Folgende Temepraturen habe ich:

Zimmertemp: 21°c

CPU: 
Idle: 33°c-35°c
Last (z.B. BFBC2): 60-70°c

Grafikkarte (Gainward GTX 570 Phantom):
Idle: 34-38°c
Last (z.B BFBC2):  max. 60°c 

Die CPU-Idle Temperaturen sind mMn ok, auch wenn ich schon von anderen Nutzern des Machos gelesen hab, dass sie etwa 28°c-30°c haben, da mein Gehäuse aber gedämmt ist und die Lüfter langsam drehen, liegt es ja Nahe, dass ich solche Temps nicht erreichen kann. 

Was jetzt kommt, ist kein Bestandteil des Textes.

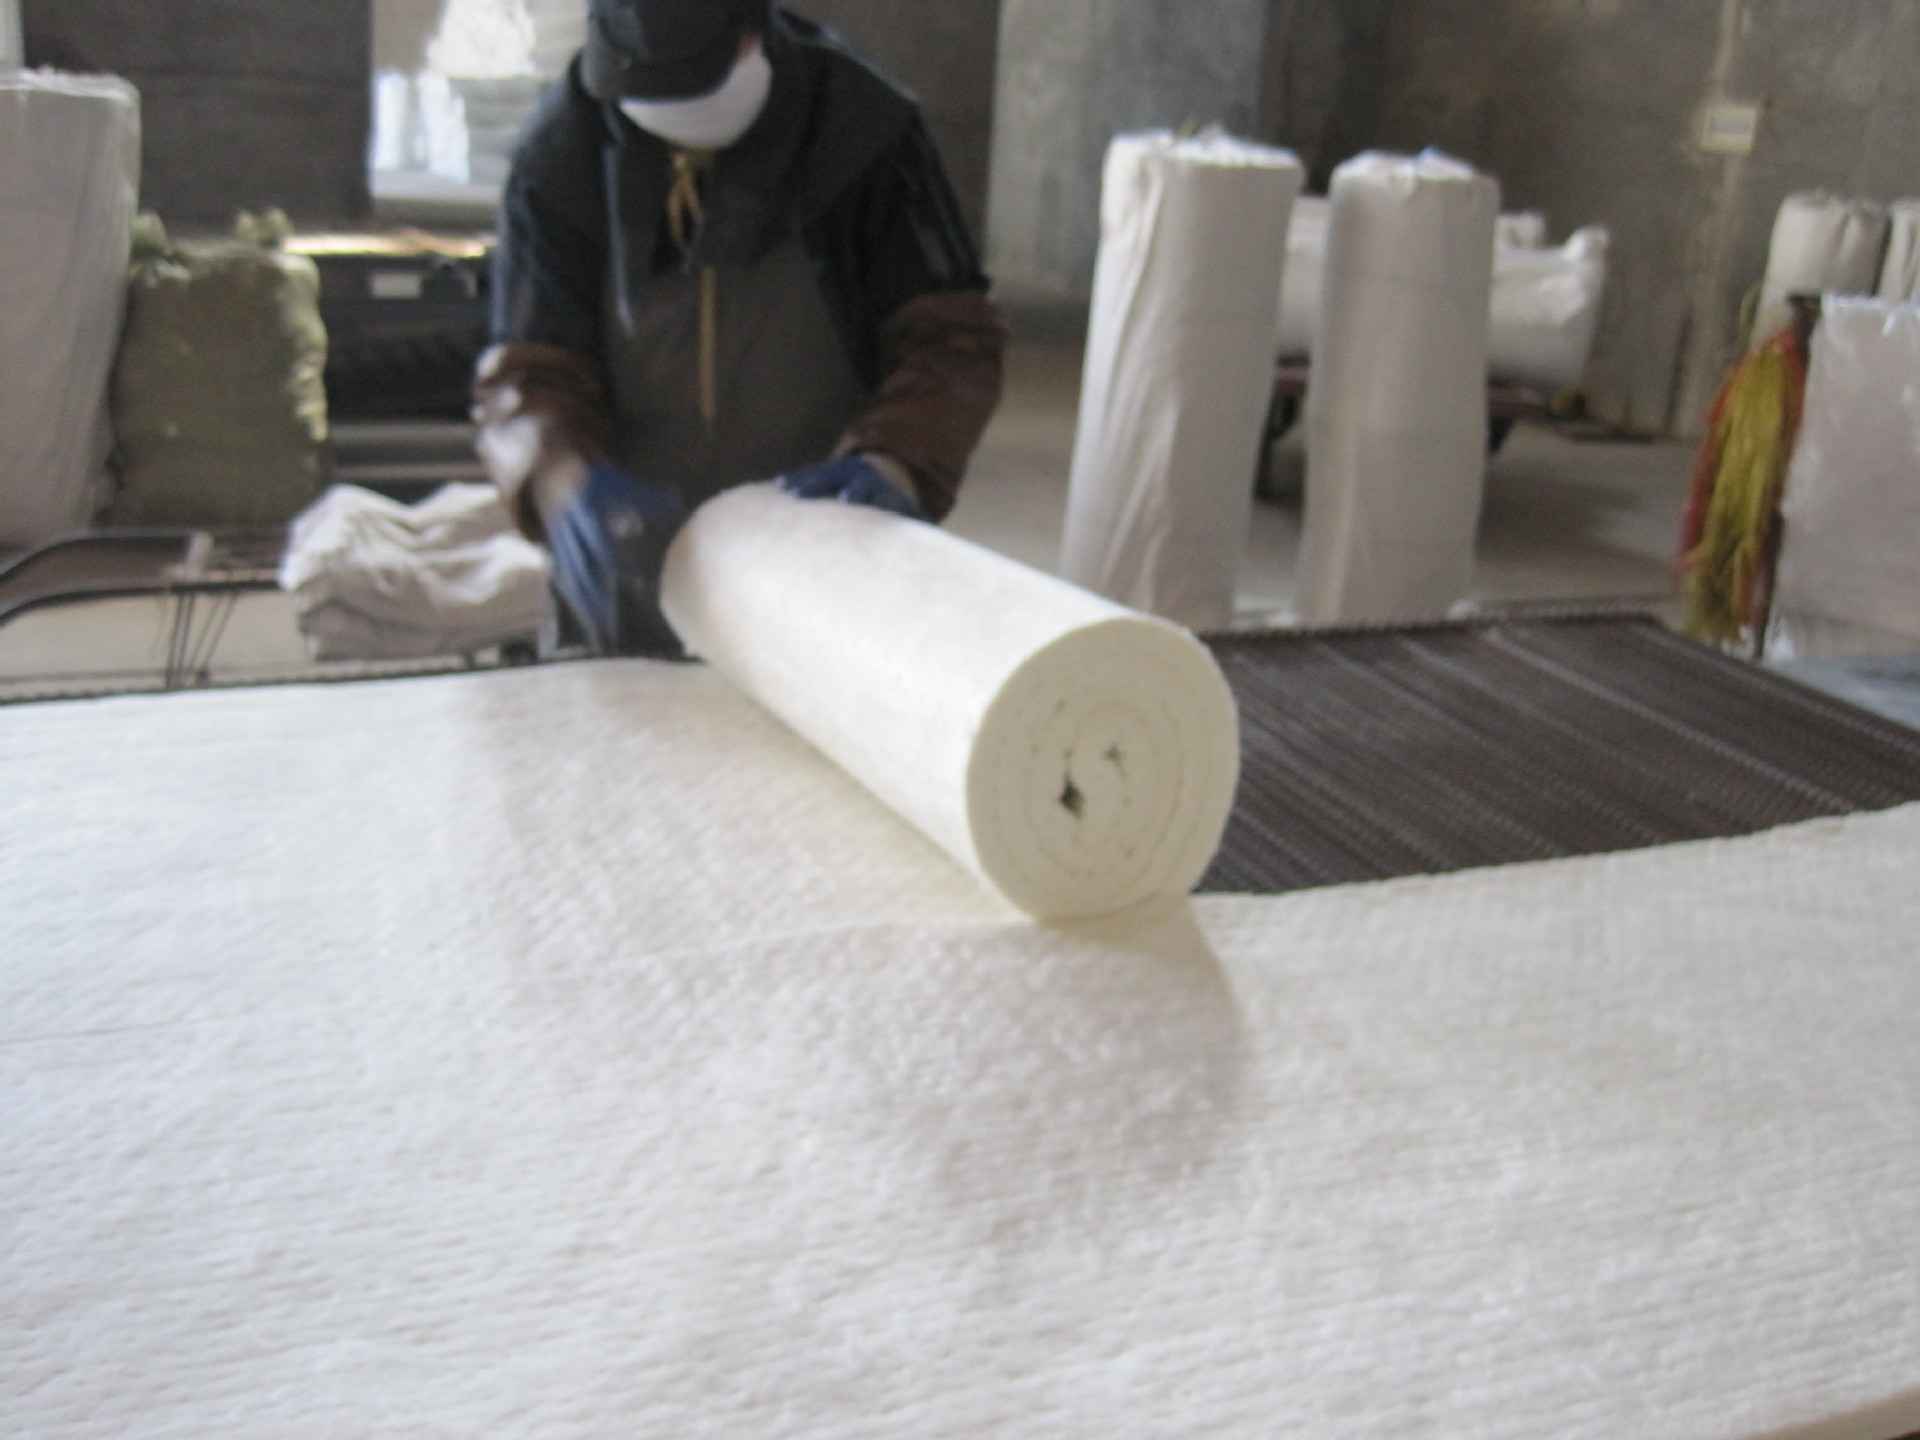 金属制品耐火棉热盾硅酸铝纤维毯陶瓷纤维毯高抗拉强度保温棉

Was mir allerdings Sorgen macht, sind die Temperaturen unter Last. 71° war das höchste das ich gemessen habe (nach 1 Stunde BFBc2). Der Lüfter dreht auf 1250 u/min (schneller geht nicht).
Wenn ich das mit meinem alten Core2Duo e6750@3.1 GHz mit Boxed Kühler vergleiche, der bei 1 Stunde BFBC2 nur etwa 60°c warm wurde, kommen mir die Temps des 2600k doch etwas hoch vor. 
Wie hoch die Temperaturen unter Vollast gehen, habe ich noch nicht getestet, kann das aber noch nachholen. 

Jetzt zu meiner Frage:

Sind die Temperaturen denn normal?


----------



## Abductee (3. November 2011)

wie schnell dreht sich der lüfter auf dem macho?


----------



## Holzkopf Joe (3. November 2011)

Unter Last nahezu am Maximum. Also etwa 1100-1250 u/min. Im Leerlauf so um die 800 u/min


----------



## Dr Bakterius (3. November 2011)

Naja gedämmtes Gehäuse da sind ein paar °C schon normal da über das Gehäuse keine Kühlung erfolgt. Ich habe zb mit einem Corsair Obsidian 650D bei der CPU im Idle 31°C ( CPU Lüfter 540 Upm )und bei der Grafik ca 27°C bei ca 19°C RT. Unter Last sind es knapp 60°C bei der CPU und bei der Grafik knapp um 60°C. Unter gegebenen Umständen scheinen die Werte noch als Normal zu gelten.


----------



## PsychoQeeny (3. November 2011)

Mach dein Gehäuse auf, und scheck die Temps nochmal nach 1h BC2... dann kannst du dein prob. mehr eingrenzen


----------



## Holzkopf Joe (3. November 2011)

Danke für die Antworten.

Habe jetzt einmmal Prime95 45 Minuten laufen lassen. Die Temperatur ging nicht über 67°c hinaus. Habe allerdings die Gehäuselüfter etwas hochgeregelt. 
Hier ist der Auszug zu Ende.